- Court: United States Court of Appeals for the Second Circuit
- Full case name: United States v. Milton Brechner
- Argued: April 19, 1996
- Decided: November 1, 1996
- Citations: 99 F.3d 96; 79 A.F.T.R.2d 97-878; 65 USLW 2351; 96-2 USTC (CCH) ¶ 50,582

Court membership
- Judges sitting: Roger Miner, Joseph M. McLaughlin, Pierre N. Leval

Case opinions
- Majority: Leval, joined by a unanimous court

Laws applied
- United States Sentencing Guidelines

= United States v. Brechner =

American legal case

United States v. Brechner, 99 F.3d 96 (2d Cir. 1996), is a Second Circuit Court of Appeals decision holding that a defendant's failure to provide entirely truthful information pursuant to a plea agreement is a legitimate basis for prosecutors to revoke a promise to move for a downward departure at sentencing.

==Background==
Milton Brechner was president of a company that manufactured stuffed toy animals for sale to carnivals. The government determined that he used this company to engage in extensive tax fraud schemes, by both failing to report income from customers and, it was later determined, by receiving kickbacks from suppliers in return for paying inflated invoices.
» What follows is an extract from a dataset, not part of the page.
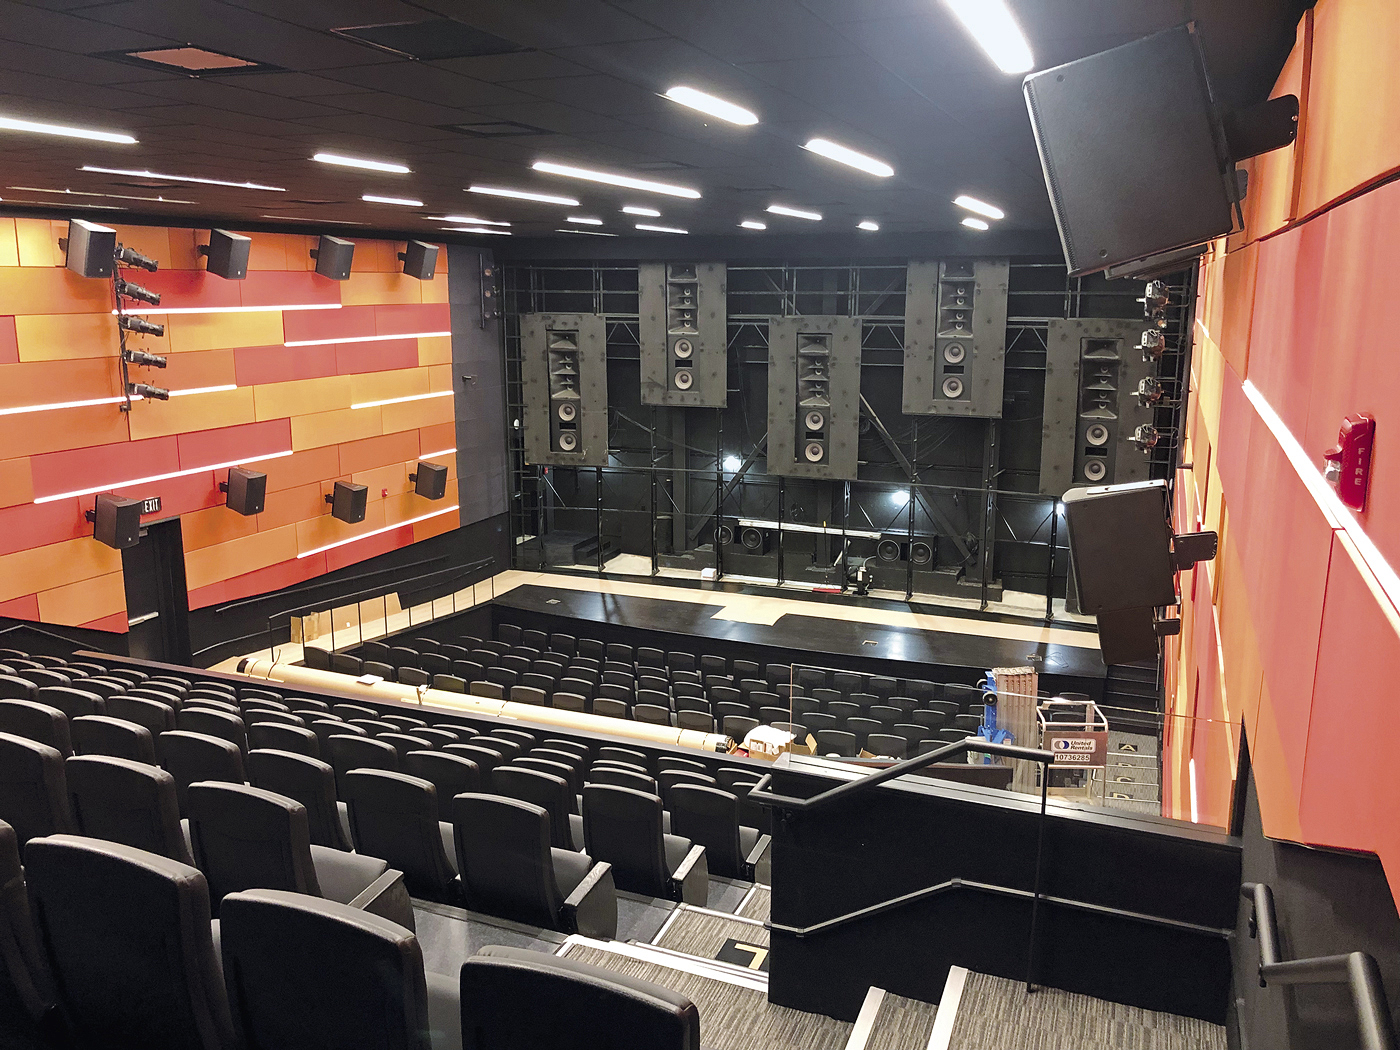 Die AV-Installation wurde so geplant, dass die Projektions- und Lautsprechersysteme des Cinemark Theaters nicht beeinträchtigt werden.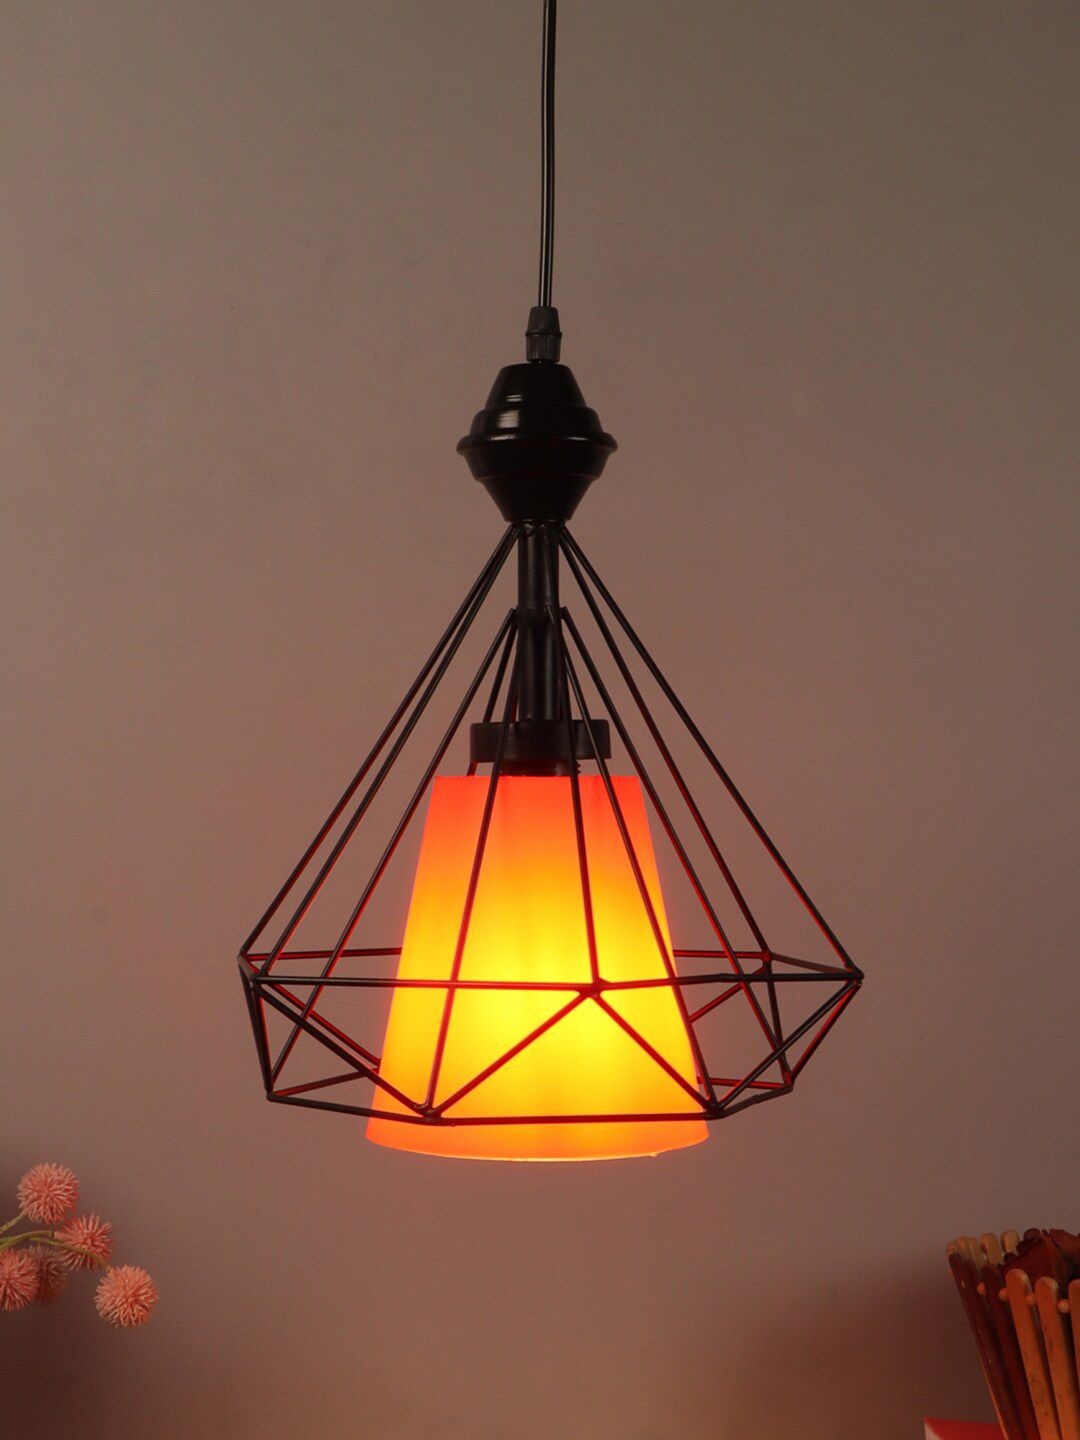 foziq Black Solid Metal Ceiling Pendant Lamp Price in India

In January 1992, Brechner agreed to plead guilty to four counts of income tax evasion in exchange for prosecutors agreeing not to charge Brechner's company or his family for their involvement in the schemes. In May 1992, Brechner contacted the Assistant U.S. Attorney in charge of the investigation and offered to provide information about a corrupt bank officer Brechner had bribed. In exchange, Brechner asked for a downward departure on his sentence. A written agreement was executed, in which Brechner agreed to give "truthful, complete, and accurate information" and the U.S. Attorney agreed to move for a downward sentencing departure under § 5K1.1 of the United States Sentencing Guidelines. However, the agreement cautioned that "Should it be judged by the [U.S Attorney's] Office that the defendant has failed to cooperate fully, has intentionally given false, misleading, or incomplete information or testimony… or has otherwise violated any provision of this agreement, the defendant will not be released from his plea of guilty but this Office will be released from its obligation under this agreement … [to file the § 5K1.1 motion]."

Brechner participated in the government's bribery investigation of the bank officer for over a year. The bank officer was arrested in September 1993. At a debriefing session following the arrest, Brechner was questioned by the Assistant U.S. Attorney about receiving kickbacks from suppliers. Brechner initially denied receiving any such payments, but after the session was stopped by his lawyer and the two of them conferred, Brechner admitted to the kickbacks.

After the debriefing, the Assistant indicated that he was not inclined to move for a downward departure due to Brechner's deception. At sentencing, the government declined to move for a downward departure. Brechner moved to compel the § 5K1.1 motion. At a hearing on that motion, the district court judge found that Brechner had "cooperated fully and completely" and that his "substantial assistance" warranted a §5K1.1 motion. The government appealed.

==Decision of the Second Circuit Court of Appeals==
The appellate court focused on the explicit terms of the written agreement, which required that Brechner "provide truthful, complete, and accurate information" and that the government would be released from its obligation to file a §5K1.1 motion if Brechner had "intentionally given false, misleading, or incomplete information." The court stated "By falsely denying his receipt of kickbacks from [the suppliers], Brechner breached his obligations under the agreement. According to the terms of the agreement, the government was expressly entitled to withhold the letter in those circumstances."

The court disagreed with the district court's finding that the breach was not material and Brechner's lies were merely "trivial defects." To the contrary, the Court of Appeals found that "these lies, although swiftly corrected, seriously undermined Brechner's credibility as a potential government witness… By lying to the prosecutor during the period of his cooperation about his own criminal involvement, Brechner made it impossible for the government to argue at any future trial that, despite his past sins, Brechner had acknowledged his guilt, turned over a new leaf and cooperated in a truthful and trustworthy manner." Since the Supreme Court's decision in Giglio v. United States required that defendants have access to information relating to a government witness's credibility and the potential for harsh cross-examination created a serious problem for the government, the court found that Brechner's lies "provided good faith grounds for refusing to move for a downward departure."